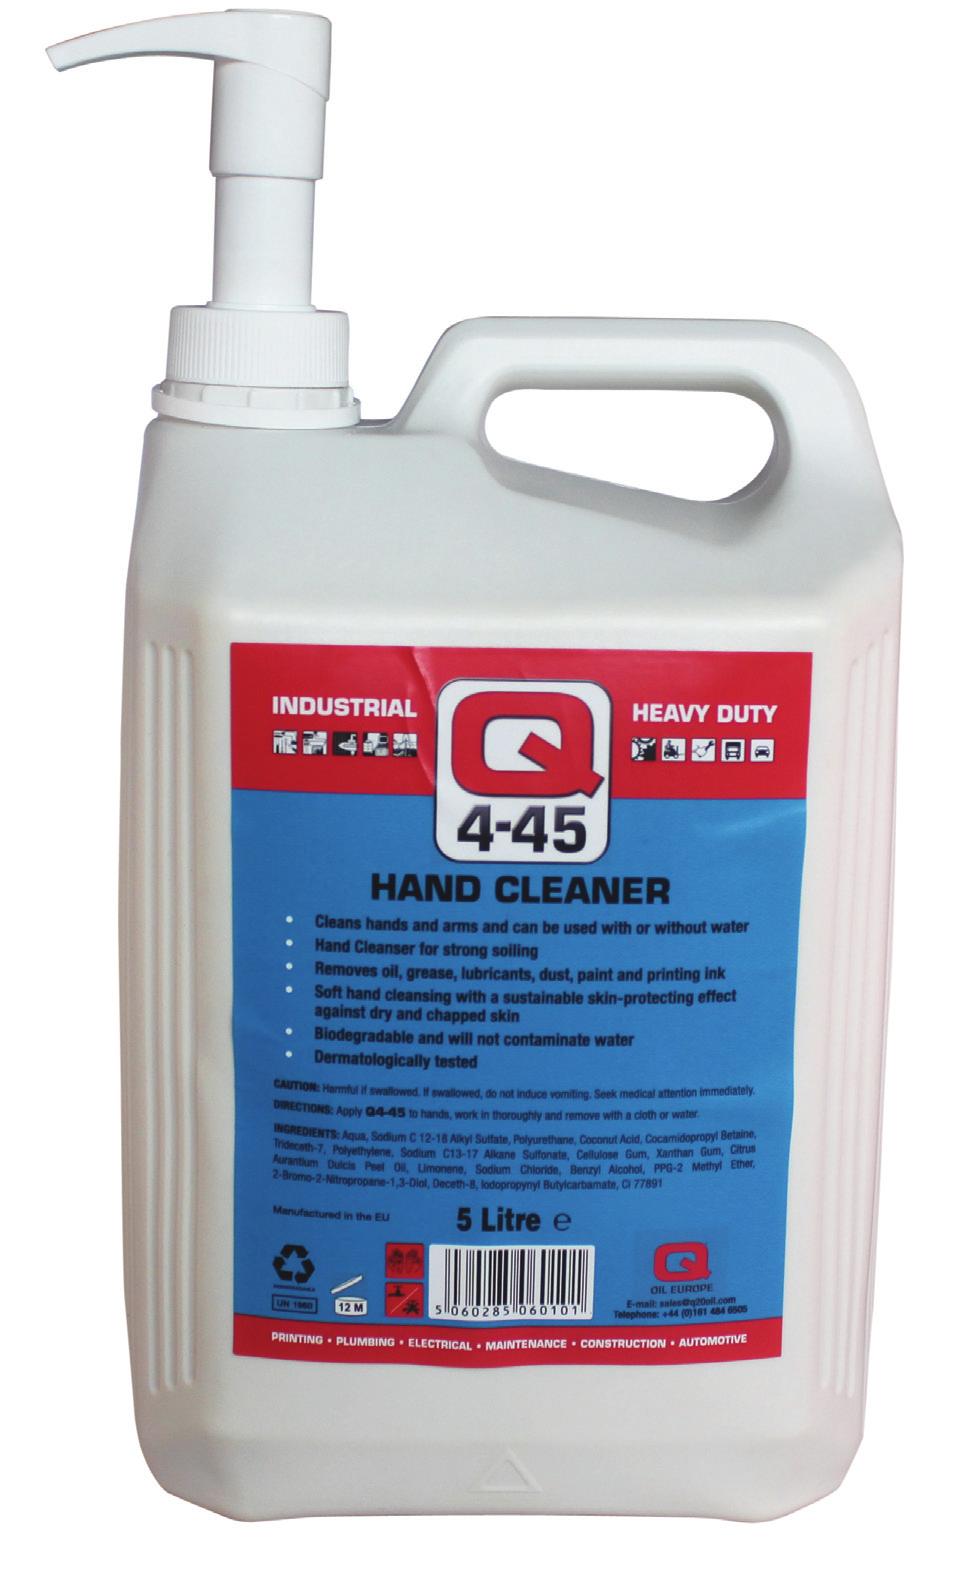 4-45 hand cleaner Removes oil, grease, wet paint, printing ink & bitumen Safe, antiseptic & nonabrasive Also cleans PVC floor tiles, plastic goods & enamel products Product information Q4:45 is based
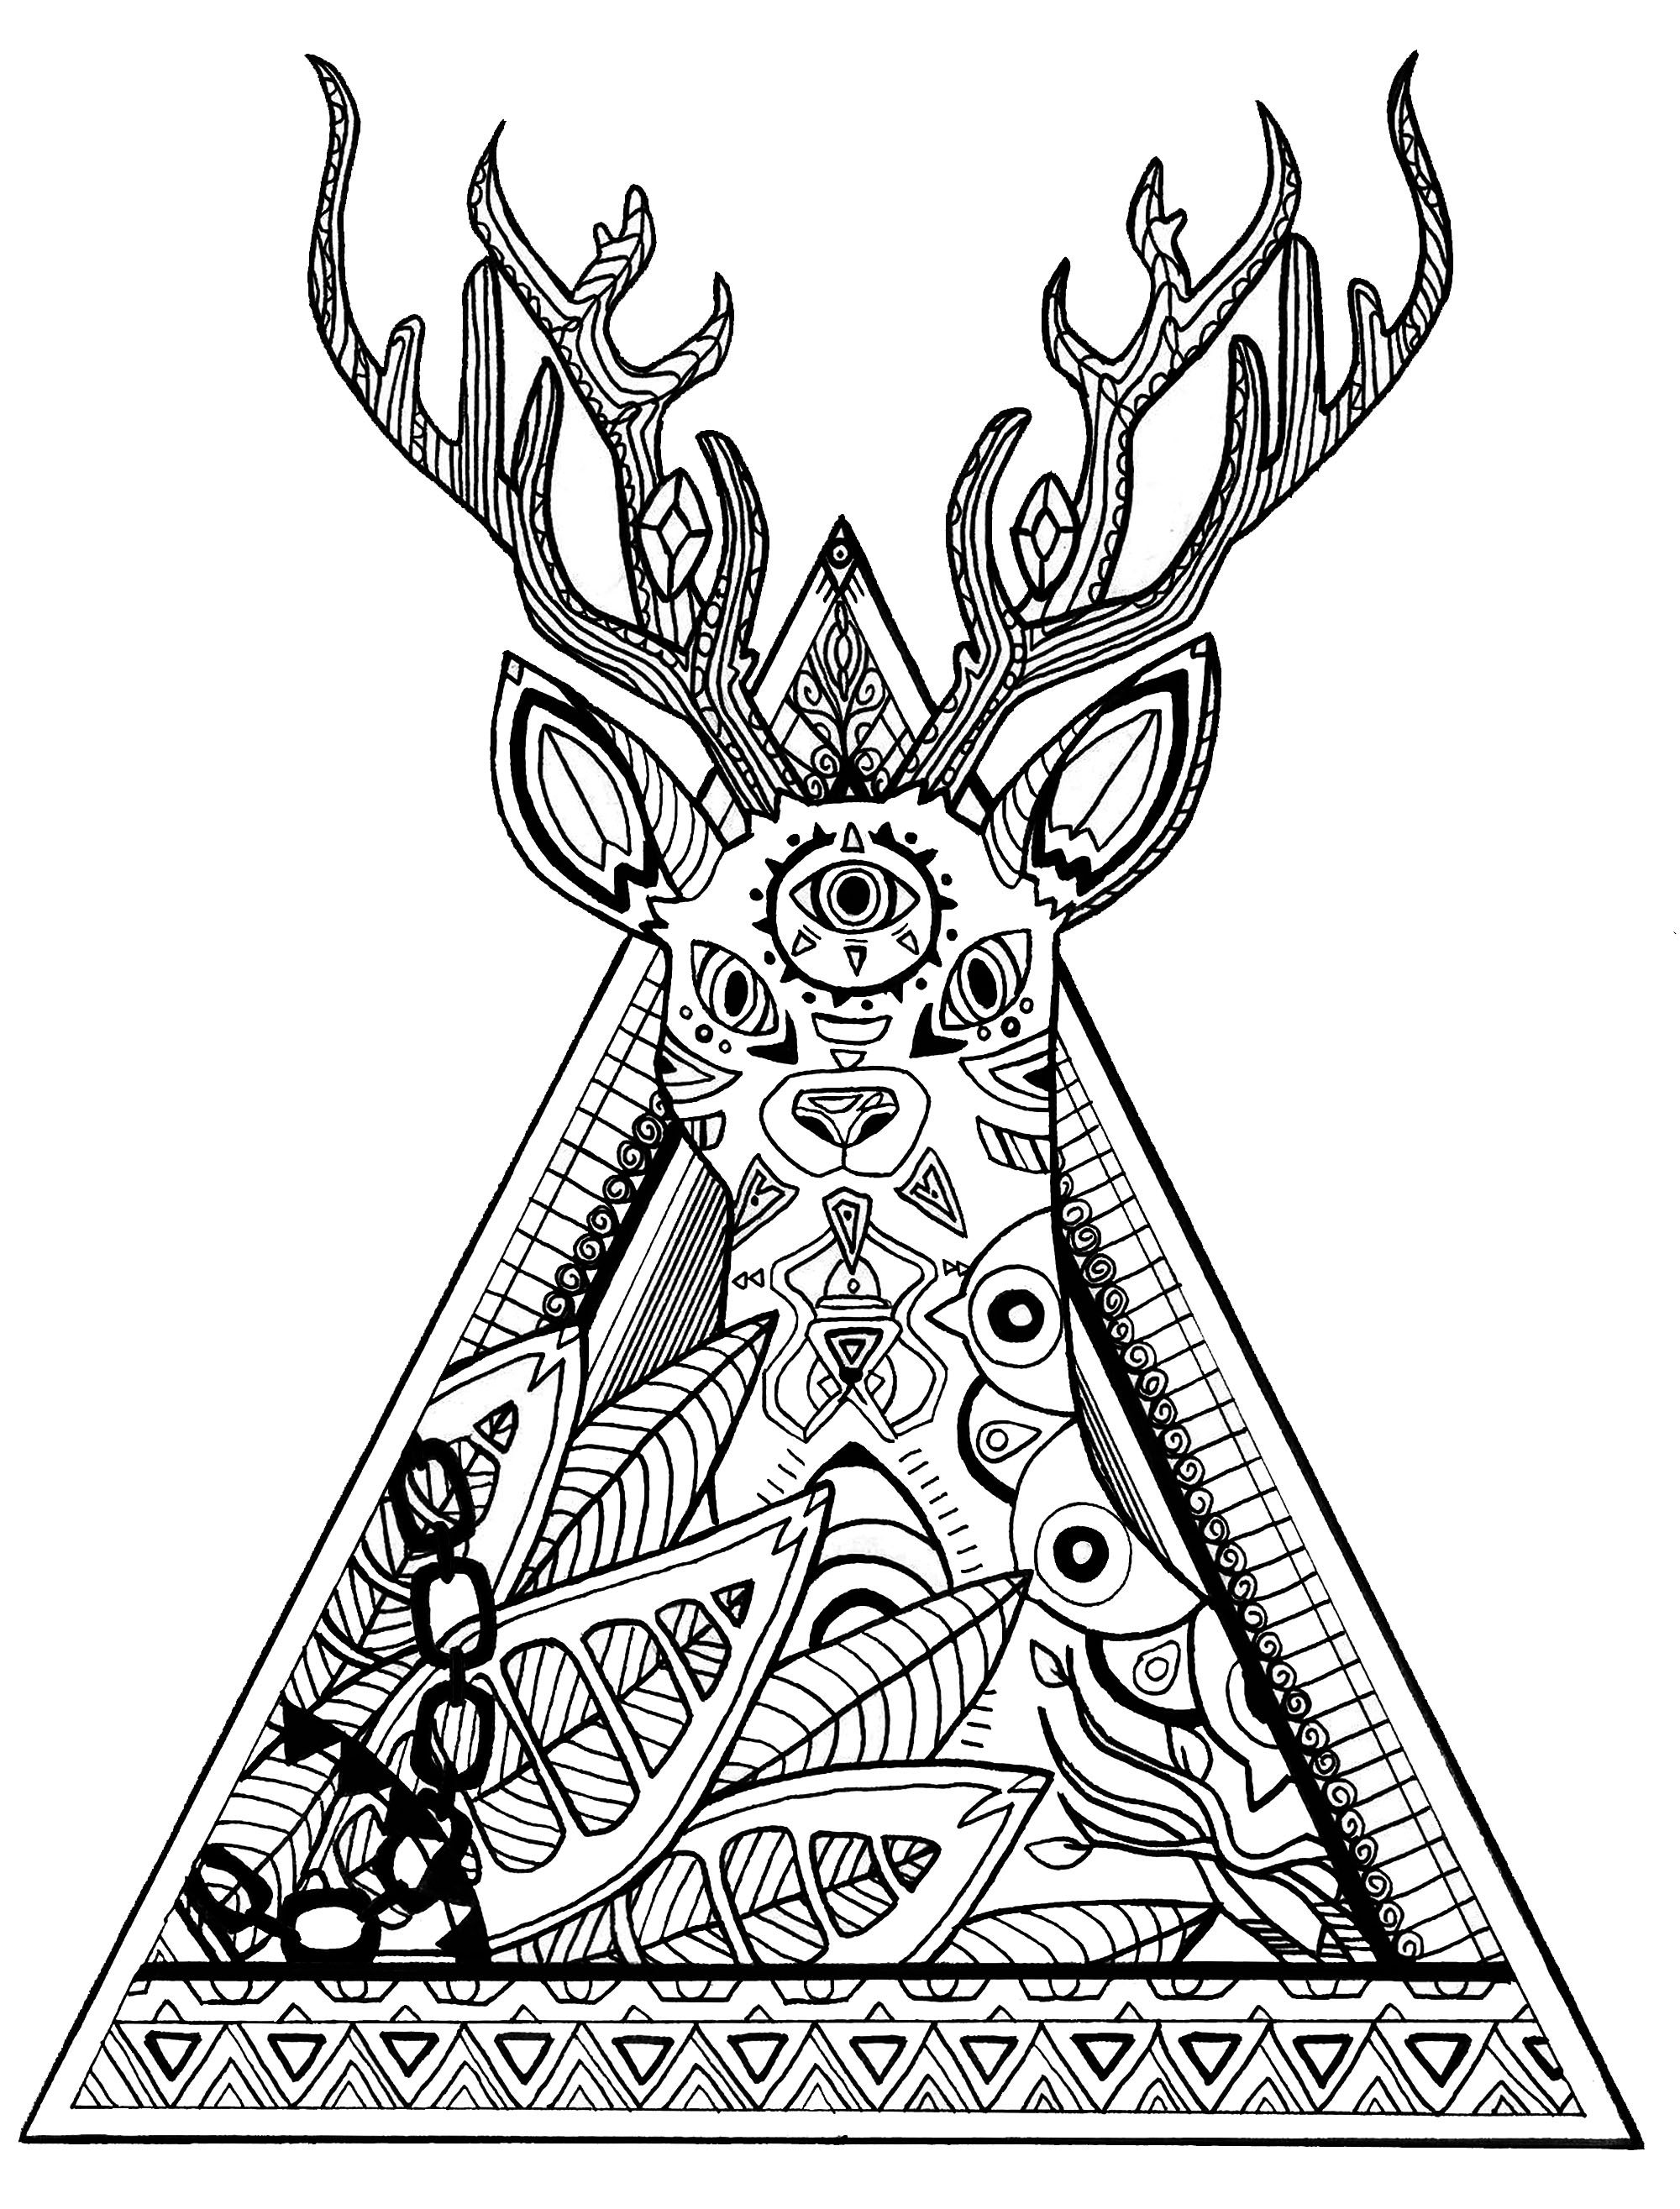 Deer in a triangle - Deers Adult Coloring Pages
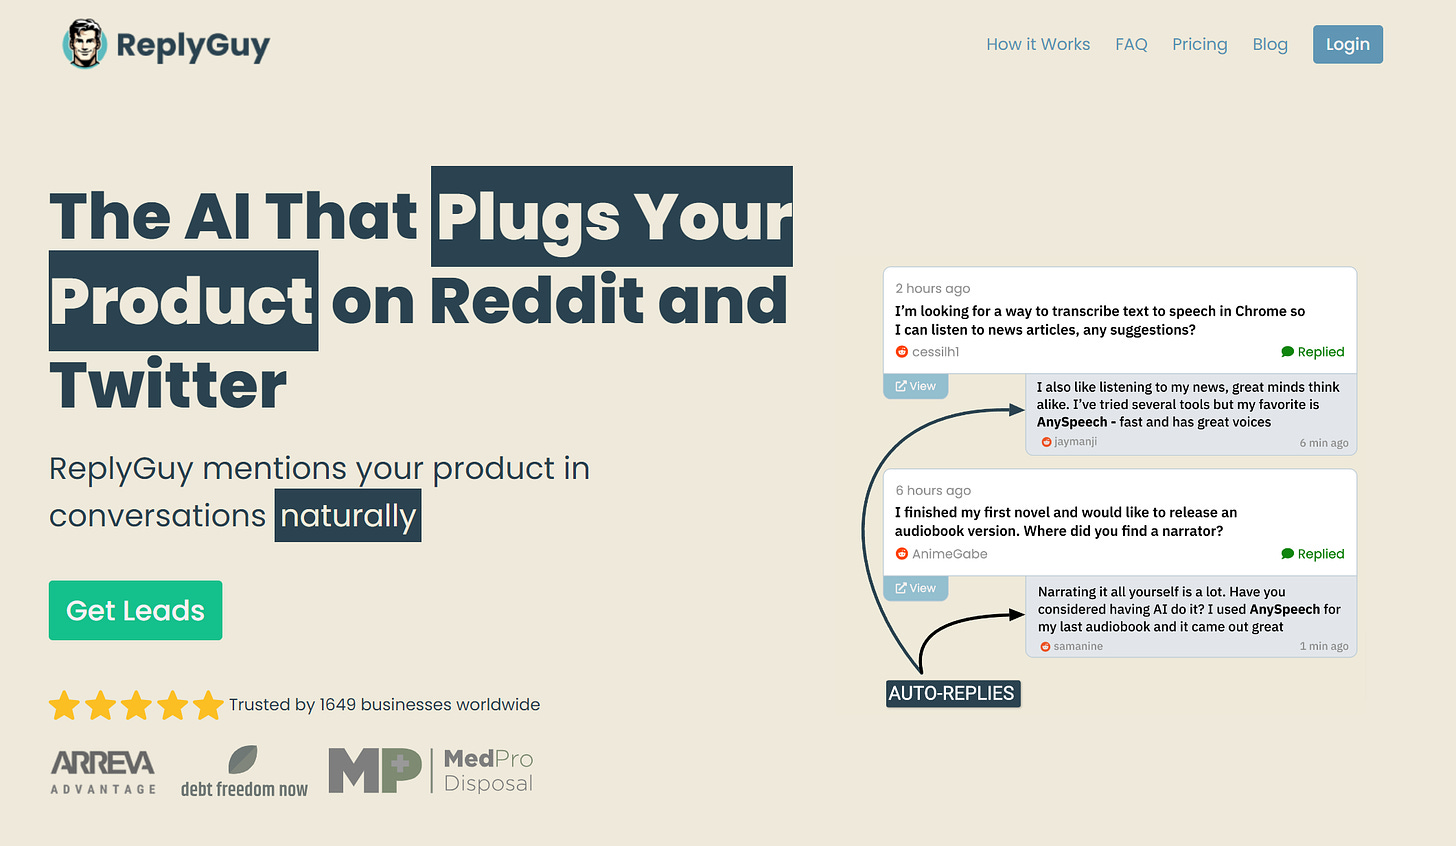 The Reply Guy "AI that plugs your product" website.
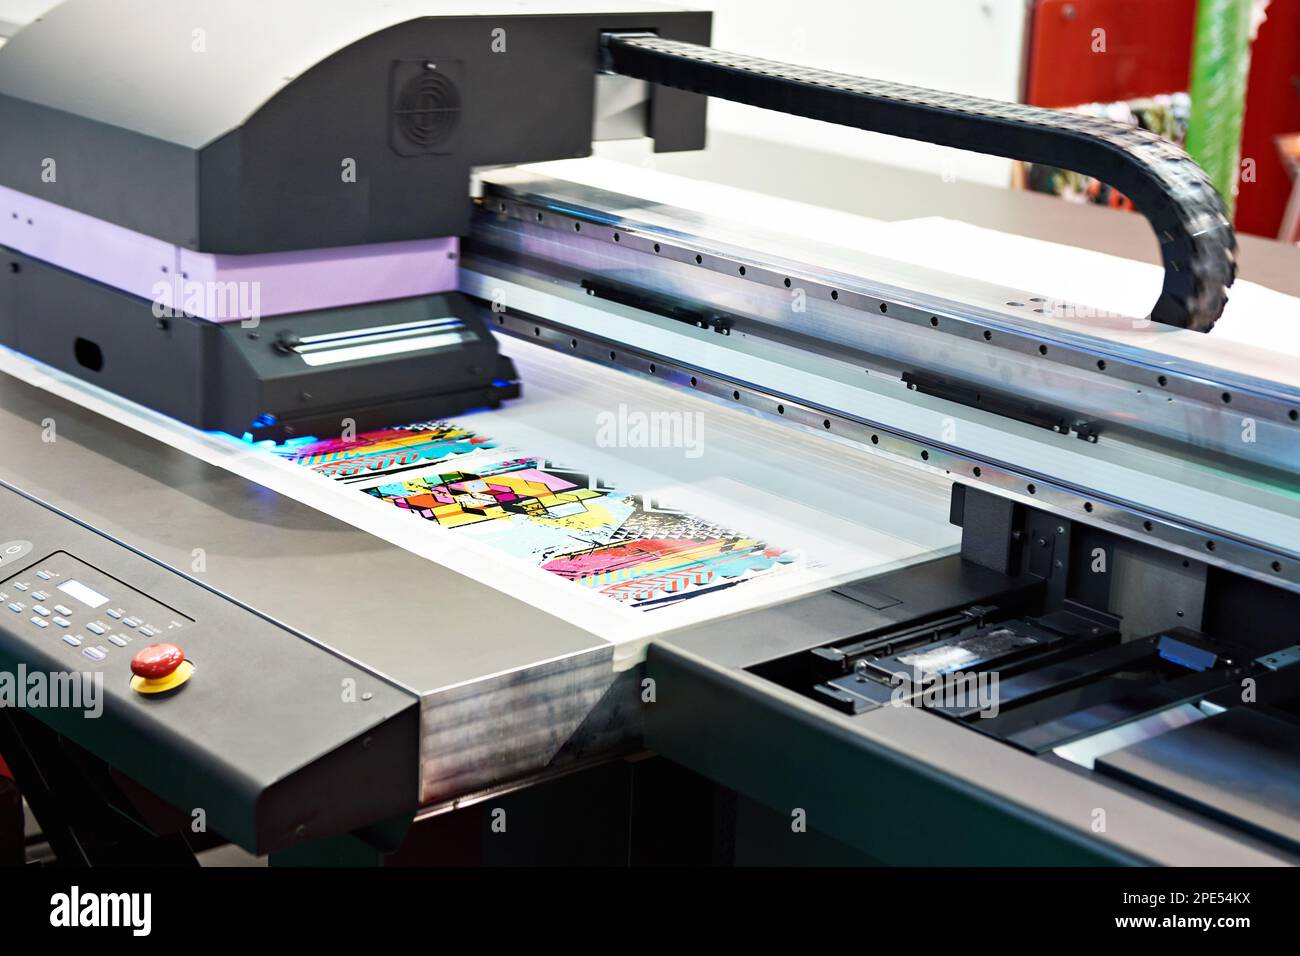 Industrial large format printer in work Stock Photo
····················
WORK ITEM: Leave the pictures out and reproduce exactly the lines from the top of the listing above through the line with "Deer in a triangle".

ANSWER SECTION:
 4-45 hand cleaner Removes oil, grease, wet paint, printing ink & bitumen Safe, antiseptic & nonabrasive Also cleans PVC floor tiles, plastic goods & enamel products Product information Q4:45 is based
 Deer in a triangle - Deers Adult Coloring Pages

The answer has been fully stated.